I know there are no magic answers. But I sort of hope writing this all out will help me process things.

I have been with my husband for nearly 15 years, married for just over 11. We have always had an issue with rows - we can both be fiery and I get very defensive very easily. But, whilst we always acknowledged that we needed to be better at communicating, we thought that at least it meant we weren't bottling things up. And we loved each other. We were so close, always cuddling up and affectionate. Sex life went a bit after we had our first child (now 8 1/2) but still attracted to each other. We lost a son 5 1/2 years ago, and both felt that we became closer. Whilst I was off work then, we moved house and planned to extend, with an annex for my mum to live in. We had another child (now 3 1/2) and things were really good.

He is very charming (sales) and is a good listener. He has always been friendly with the women at work, but I was never worried (apart from thinking they might try something, but I trusted him implicitly). Recently, we have seen friends' marriages break up, and it was down to lack of communication, which we didn't think was an issue.

About 18 months ago, he started to lose weight, eating differently and running/cycling. He seemed to change a lot, but we still had lots of fun and enjoyed spending time together. I struggled a little that he wanted to spend so much of his free time without me, but I didn't begrudge him wanting to change, I was pleased he was being healthier and he was happy.

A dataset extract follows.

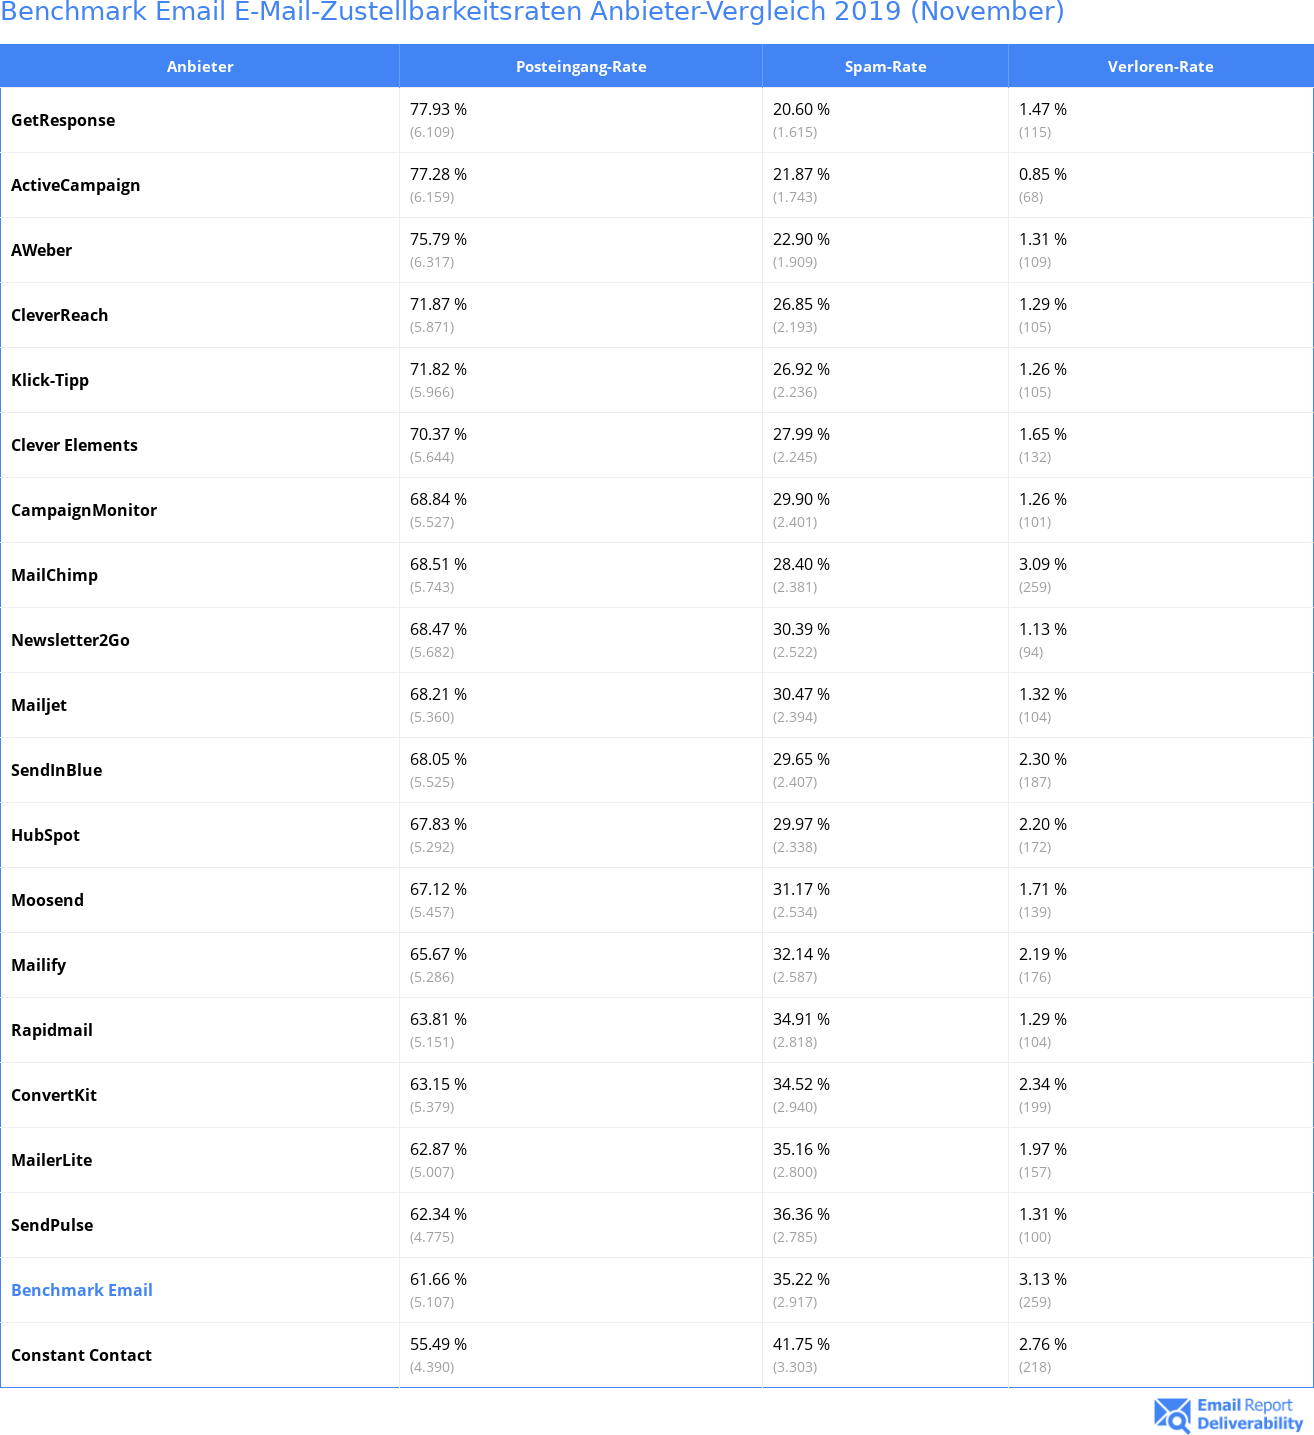 Benchmark Email E-Mail-Zustellbarkeitsraten Anbieter-Vergleich 2019 (November)

Over the summer I started to hear a lot about a girl at his work, from our daughters rather than him (they would often go into work with him on his day off if he had to drop ppw or sign docs) and then my eldest mentioned that they had spent a Sunday together (when I was working). I asked him what was going on, and if he had anything to tell me. He said that he was unhappy in the relationship. That he had been for 6 years, that he had been tempted to cheat on me but hadn't.

We stopped the extension build (which was due to start the following week) and talked about what to do. He almost moved out, but we both said we wanted to save the relationship and try counselling. So he stayed and we started to get plans in place to see a therapist, but had to wait a few weeks for an appointment.

One evening, I was watching TV and the main character found out her husband was cheating, and it made me so uncomfortable. It felt really familiar. The next morning, I found his phone and read his messages to the girl at work. He was talking about dreaming about her the night before. I confronted him, and he admitted that since the previous conversation, he had slept with her a couple of times. He said he would move out. I spent the day with a friend, and when I got home, I said that he could stay. That I still wanted to be with him, and still wanted to try therapy. But he said he wanted to live alone. He said he had finished it with the girl (A***, she is 23).

We did a few weeks of therapy, talking about what the issues were and we were supposed to have a session on what we thought needed to change. At the beginning of the session he said he thought it was too far gone. That we had too much to change, and by continuing the process, it risked hurting each other more, upsetting the children and he didn't think it would work anyway.

That was about a month ago. Since then, I feel I've totally unraveled. He is now seeing A again. I know they've been sleeping together. I don't know when it started again. I saw them last week, walking round the shops together, holding hands.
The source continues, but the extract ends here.